Julio lifted his head and turned around. He was sporting a black eye.
Battle pointed for Matt to return to his math problem and sat next to Julio.
“Want to talk about it?”
“My old man can't let go of my mom.”
“It doesn't give him the right to hit you.”
“I can't hit him back. I don’t want to hit him back. He's my old man, you know?”
“Violence is a lousy solution between family, Julio.”
“Maybe I should just move on. Quit this school thing and get a job. Move out.”
“Maybe your dad hits you because it’s the only way he knows how to communicate.”
“Some coping skills.”
“And if my memory serves me, don’t you have a slight reputation as a bully?”
“Like father like son?” Julio said.
“Doesn’t have to b
e,” Battle said.
“Dang, Mr. Battle. Nothing's simple is it?”
“No.”
Julio slammed an angry fist on the table. “I just don’t know what to do about it. I got no place else to go but jail if I screw up.”
“Want me to talk to him?”
“No. He’ll rip your head off. My old man’s a mean SOB, teach. And he’s got fifty pounds on you.”
“There are better ways to resolve this,” Battle decided. “It begins and ends in conversation.”
Toby arrived for class with the girls dangling from either arm.
“I found these two speaking in baby talk down the block so I snagged them and dragged them to school!” Toby smiled.
Mr. Battle nodded towards Julio and left the room for a minute so they could discuss the fight with his dad. It was frustrating for him that the boy’s father hit him. Would he be crossing the line going to see Julio’s dad? Should he avoid the man altogether and call the police for domestic violence? What would that accomplish? The dad might go to jail, lose his job, and fall behind in the house payments.

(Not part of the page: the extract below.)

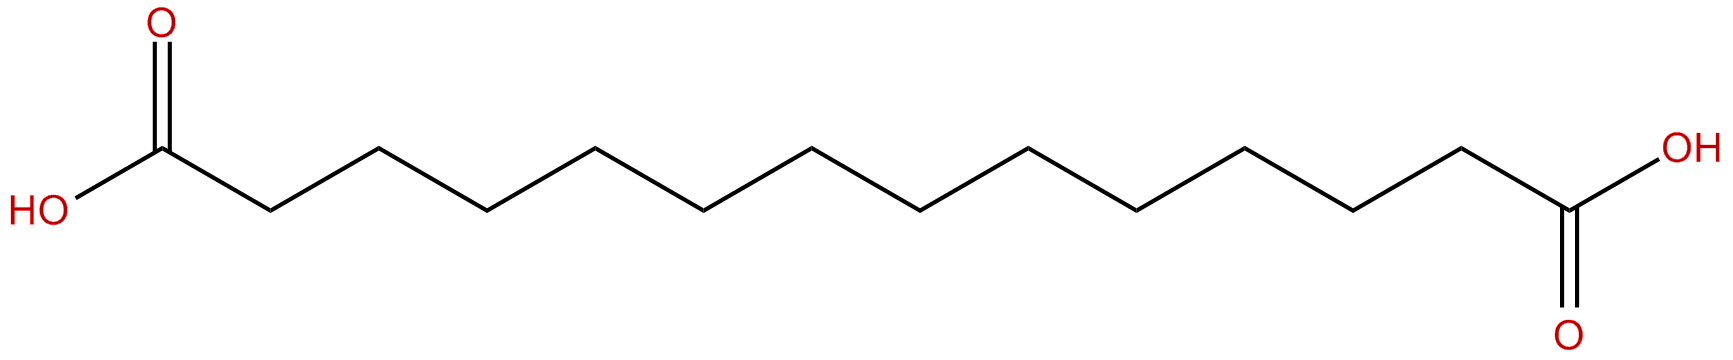 Image of tetradecanedioic acid
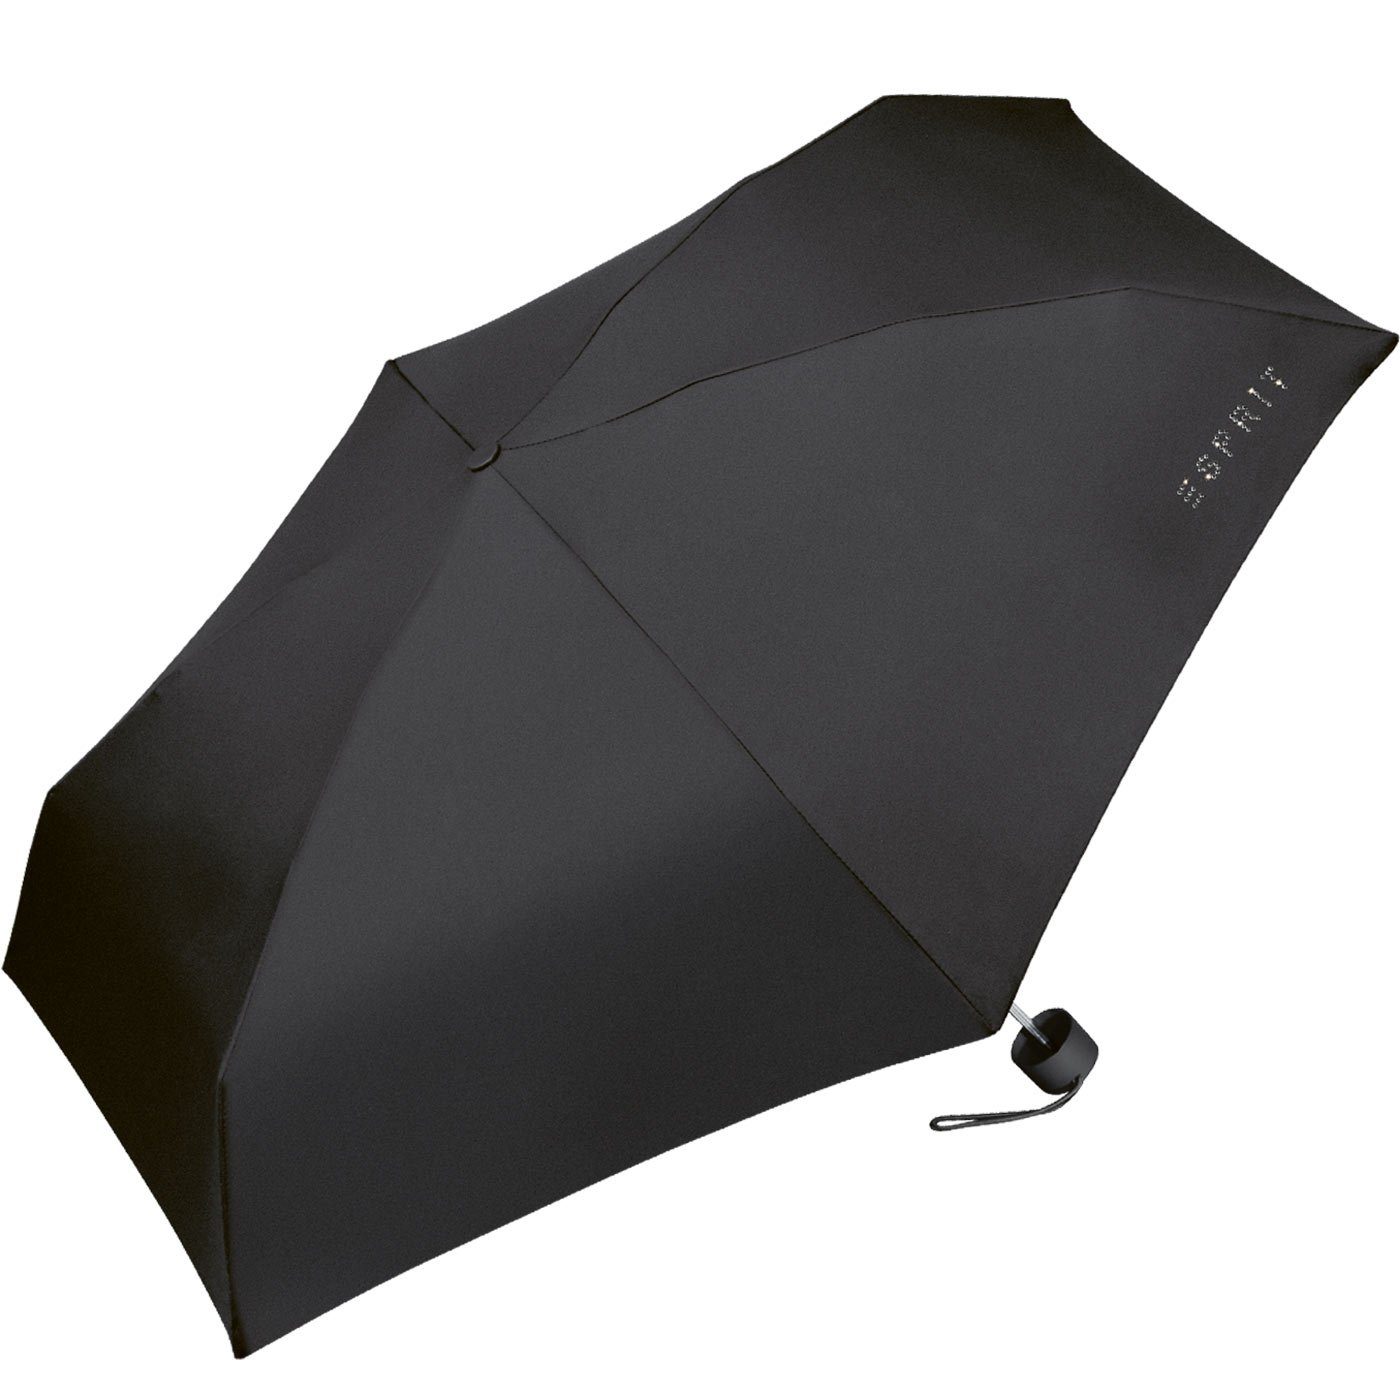 Esprit Langregenschirm Super Mini klein winzig sehr leicht, und Schirm Petito

Then when he got out of jail with new problems, he'd resent his son even more. And then what? A gun or a knife for conflict resolution? He returned to the classroom and circled the students together.
“Listen,” Mr. Battle told them all. “I have a great idea! Anybody up for a class during the day tomorrow? We can skip the evening. What do you say?”
“I’ll have to check my busy schedule,” Amber said.
“I was thinking of maybe looking for a job,” Toby said.
“Come on, guys! One time only! It’s supposed to be a record-breaking warm December day, too. I’ll tell you what – so it isn’t too much trouble… We can all go hang out at that old tree you talk about. What do you say? I’ll even bring food and sodas.”
“We practically live under that tree,” Matt said. “It will be boring.”
“Not for me. I’ll make it a history or science class or we can talk about religion or politics. What do you say?”
The kids reluctantly agreed to meet him at their hangout the next afternoon.
CHAPTER TWENTY-FOUR
When he arrived at Shooks Run Park the next day, Mr. Battle stopped in the small gravel parking lot next to the baseball diamond as the Tadpoles had instructed. Just like his students had assumed, the parking lot was empty. No children playing on the swing sets, no owners tossing sticks to their dogs, no retirees feeding pigeons.